= Description of the task =
Look below for the line containing "طالبات ومعلمتهن في", then write out that line and every line after it to the end, exactly, minus the pictures.

= Input data =

»»

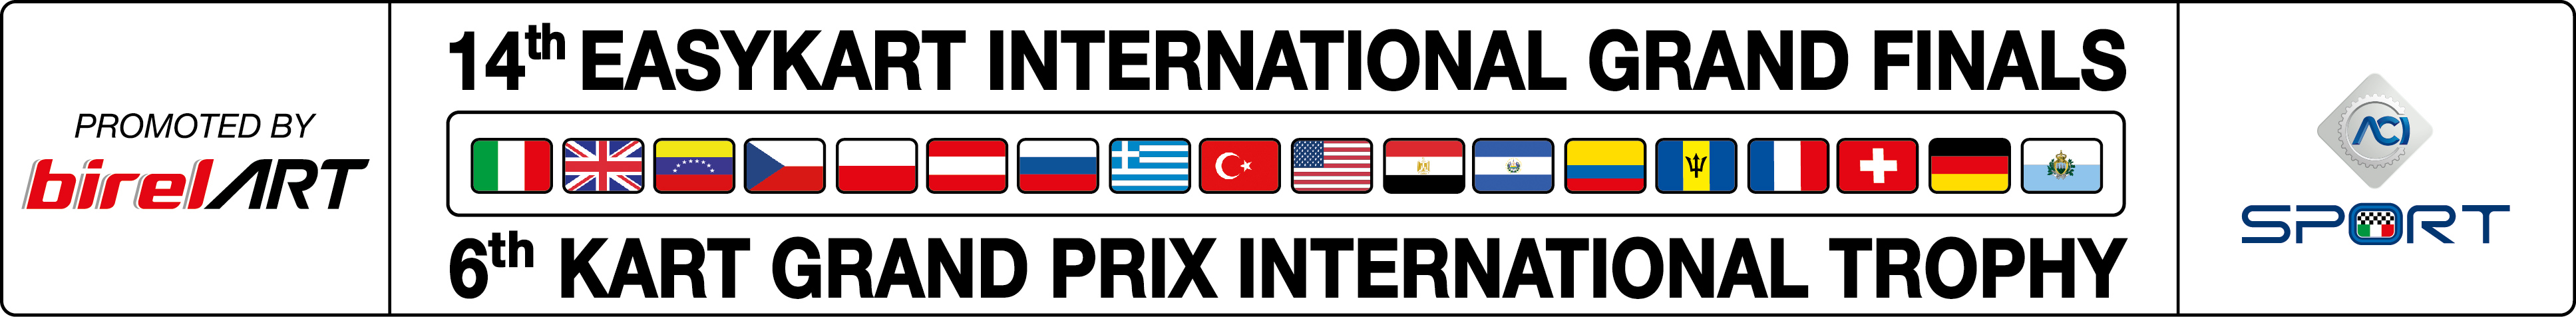 logo_finale_internazionale 2v_tr
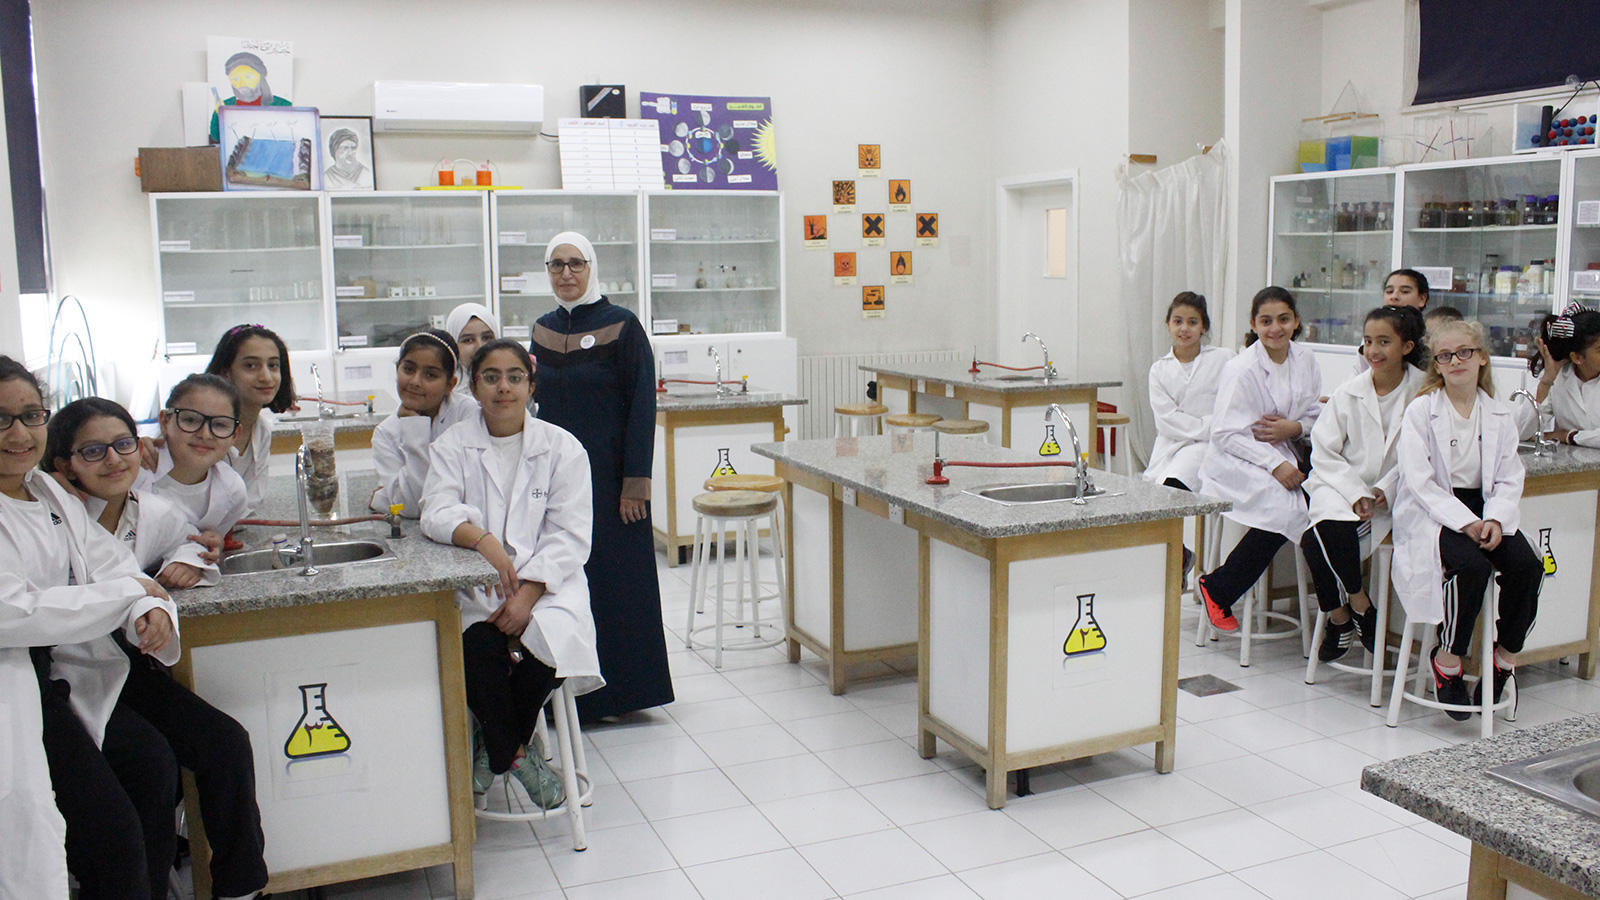 طالبات ومعلمتهن في مختبر العلوم بأحد المدارس الخاصة شمال العاصمة عمان (الجزيرة-أرشيف)
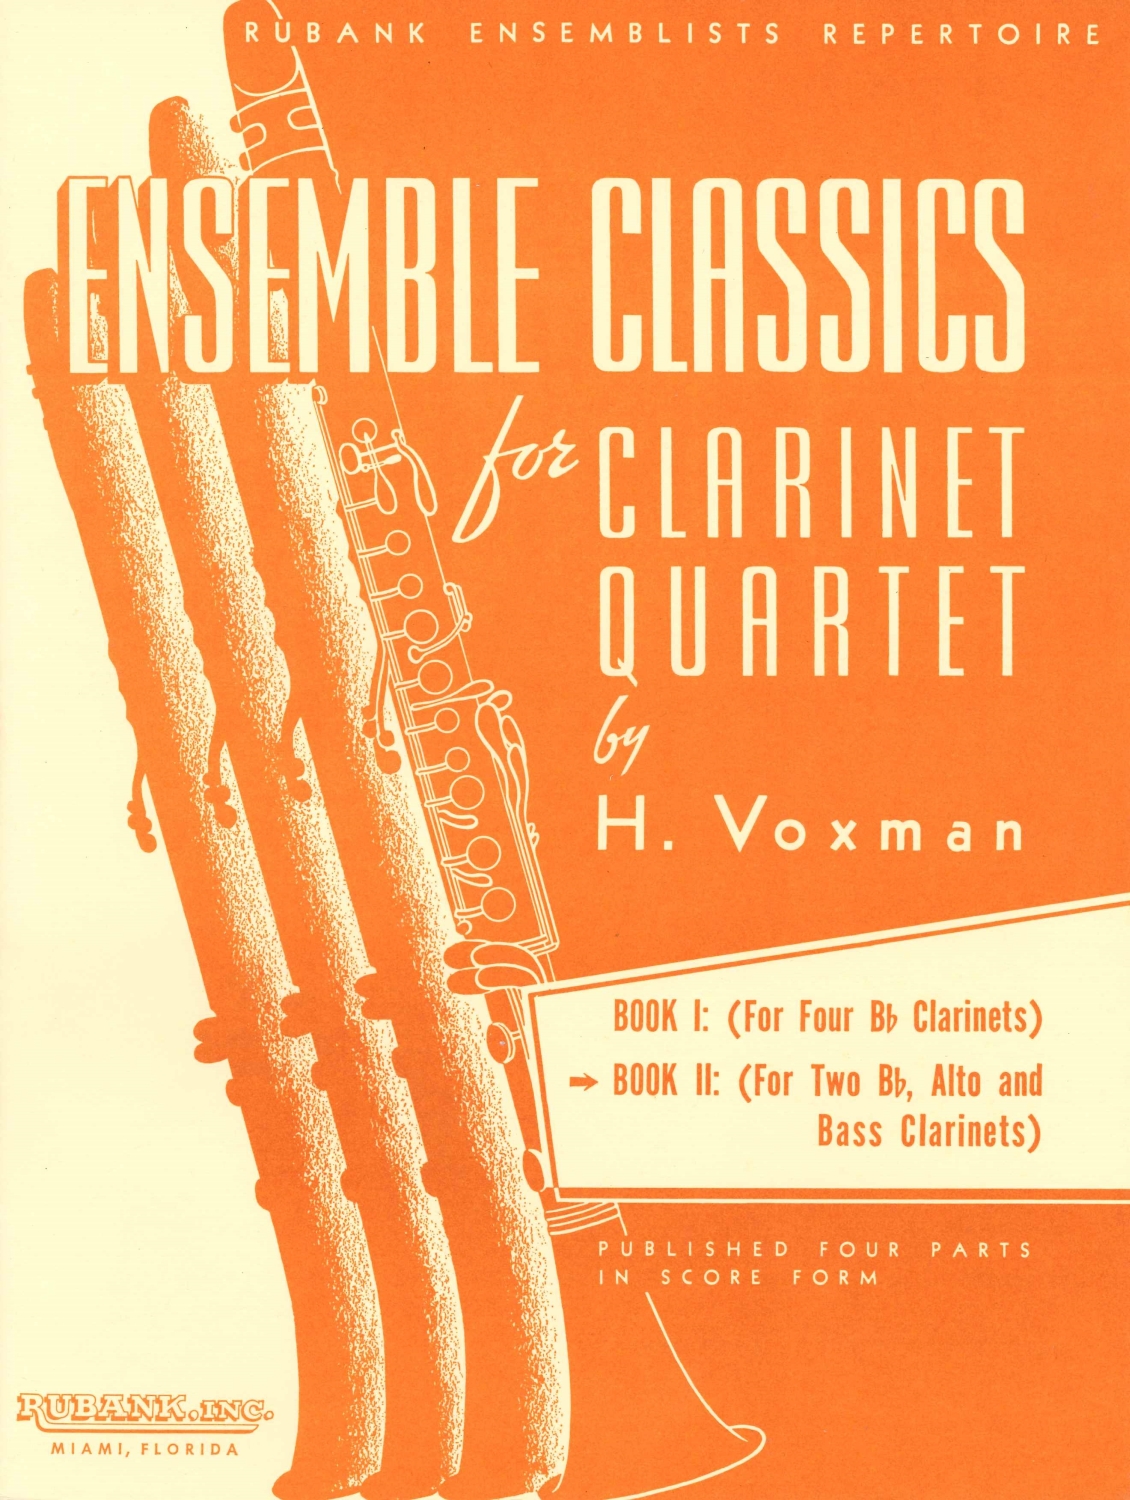 himie-voxman-ensemble-classics-vol-2-4clr-_partitu_0001.JPG

««

= Expected answer =
 طالبات ومعلمتهن في مختبر العلوم بأحد المدارس الخاصة شمال العاصمة عمان (الجزيرة-أرشيف)
 himie-voxman-ensemble-classics-vol-2-4clr-_partitu_0001.JPG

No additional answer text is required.